*Dataset content*
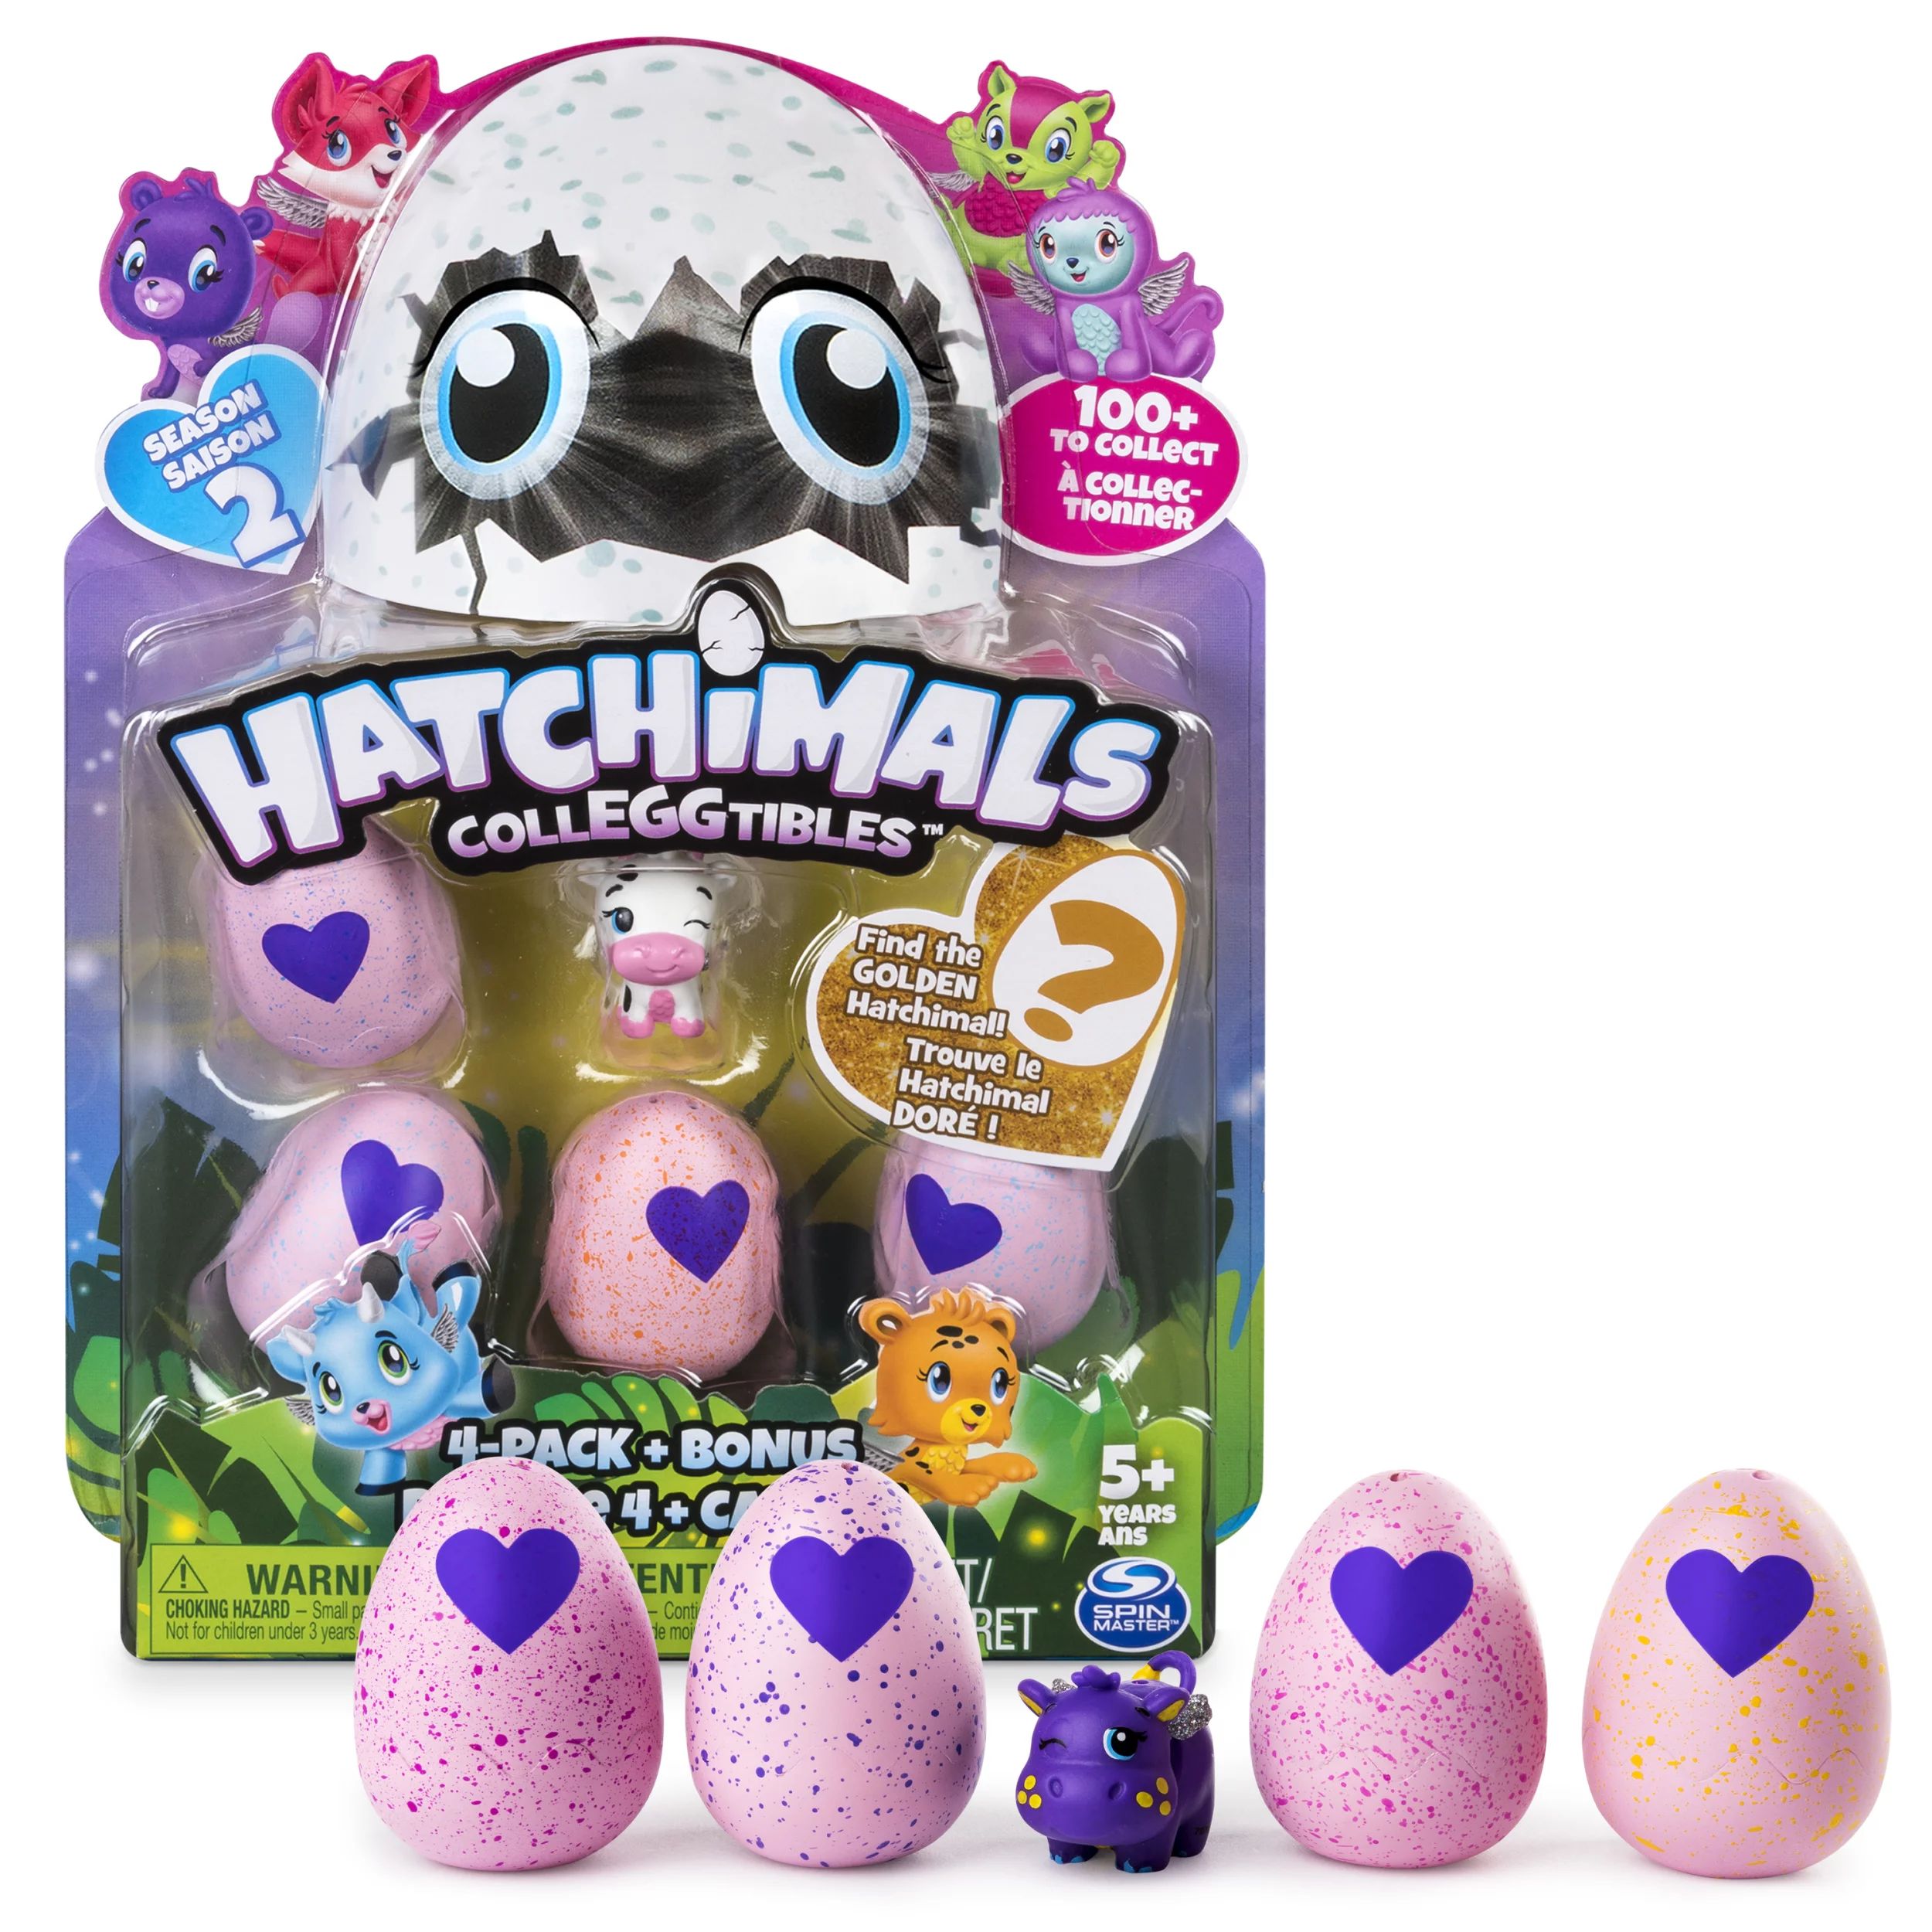 Hatchimals CollEGGtibles Season 2, 4 Pack + Bonus (Styles & Colors May Vary) by Spin Master - Wal... | Walmart (US)
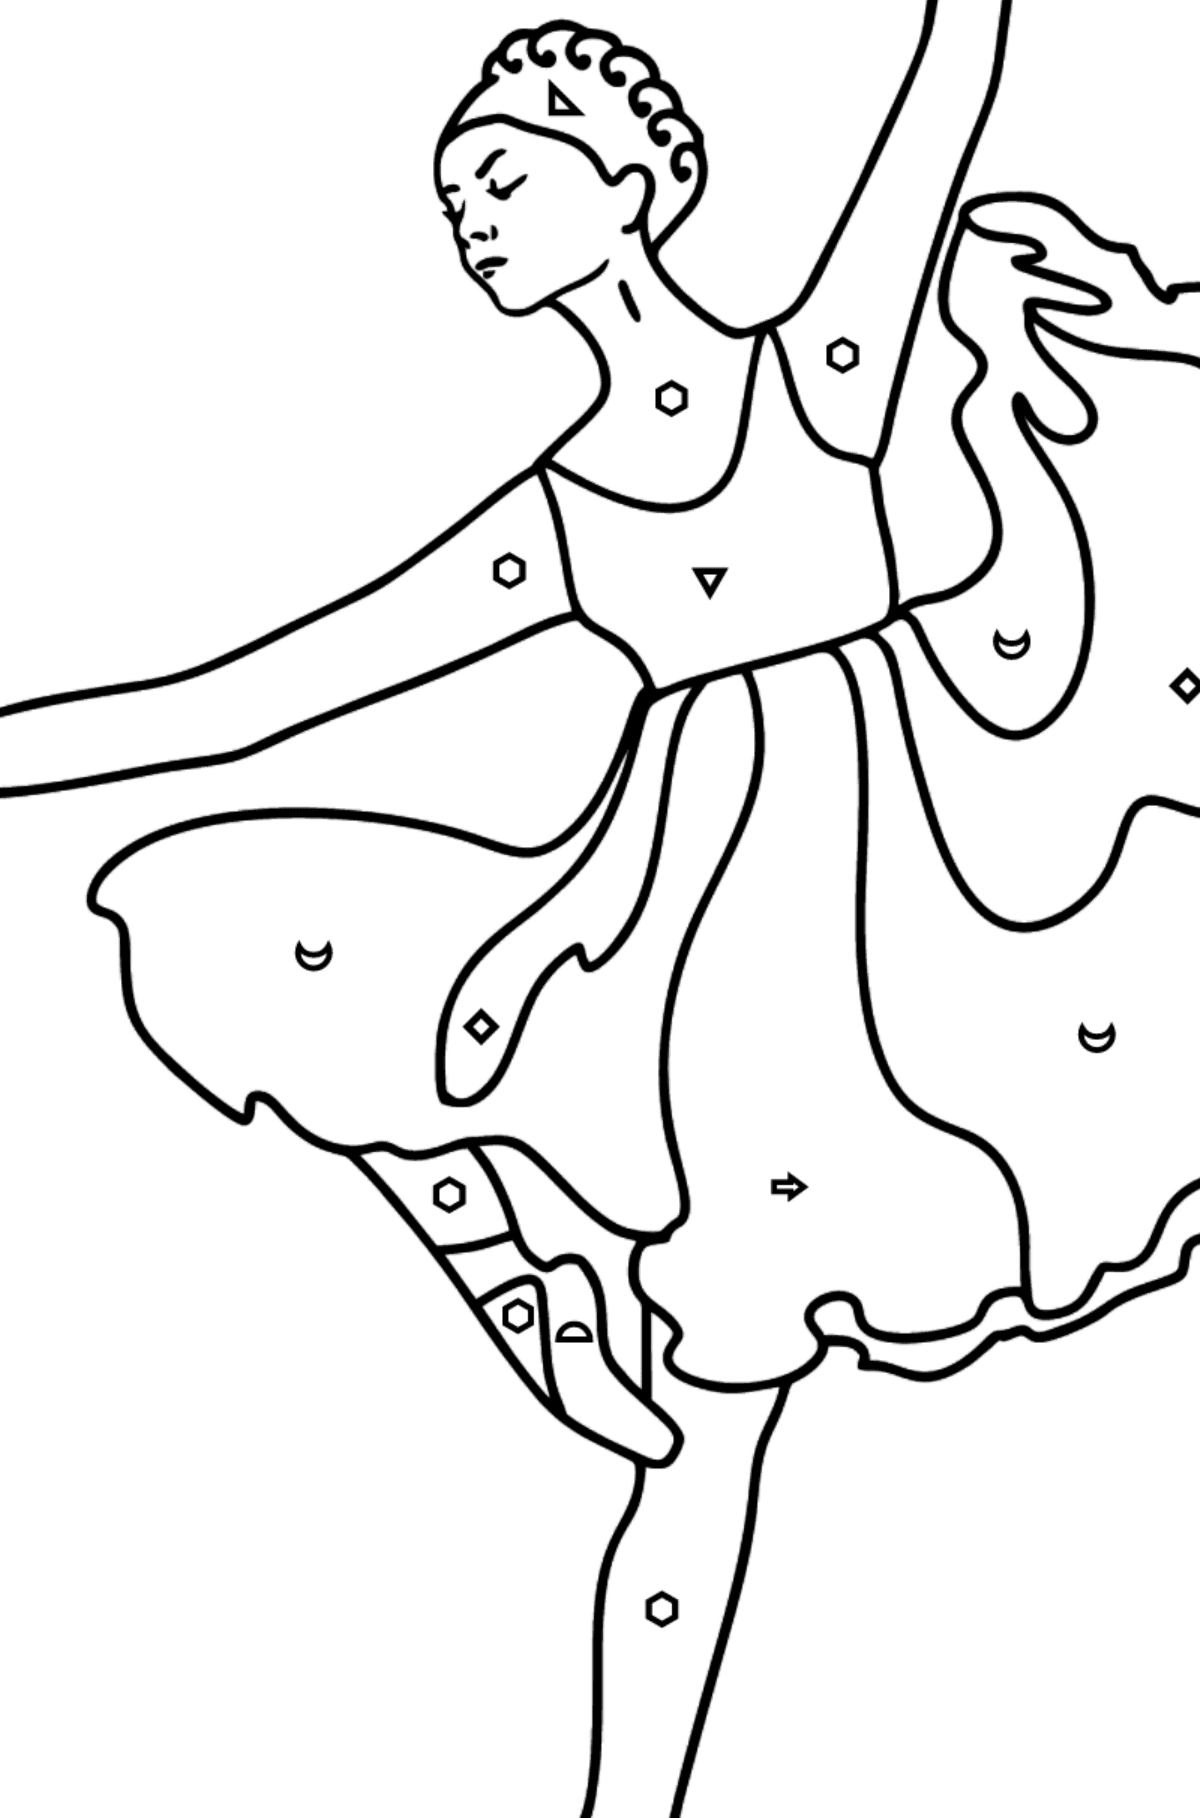 Dibujo para colorear - Bailarina con vestido lila - Colorear por Símbolos para Niños
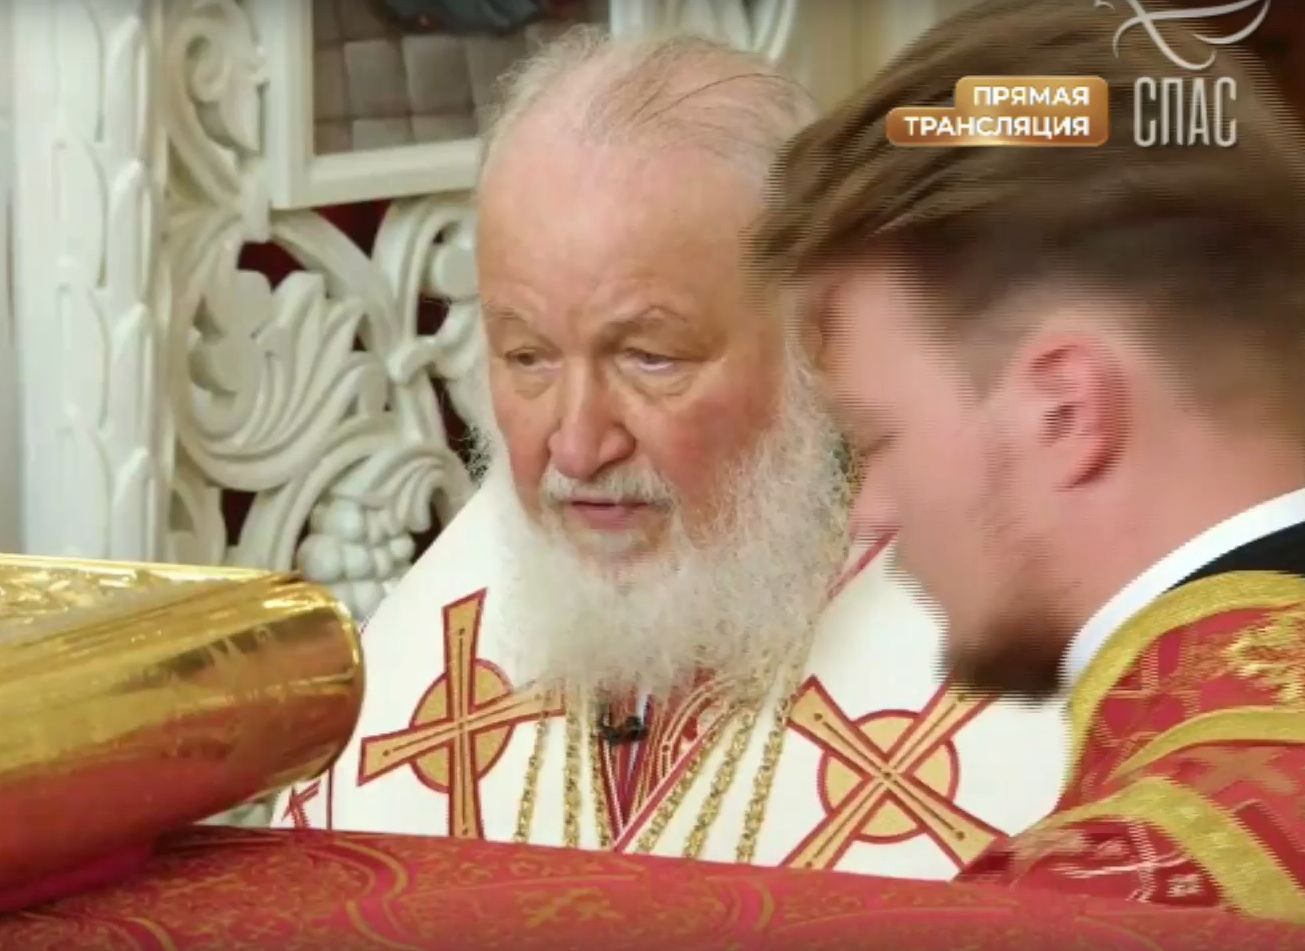 Телеканал «Спас» проводит прямую трансляцию освящения нового рязанского храма патриархом

*Problem requirements*
Would you return the whole listing above exactly as written, skipping any image?

*Your solution*
 Hatchimals CollEGGtibles Season 2, 4 Pack + Bonus (Styles & Colors May Vary) by Spin Master - Wal... | Walmart (US)
 Dibujo para colorear - Bailarina con vestido lila - Colorear por Símbolos para Niños
 Телеканал «Спас» проводит прямую трансляцию освящения нового рязанского храма патриархом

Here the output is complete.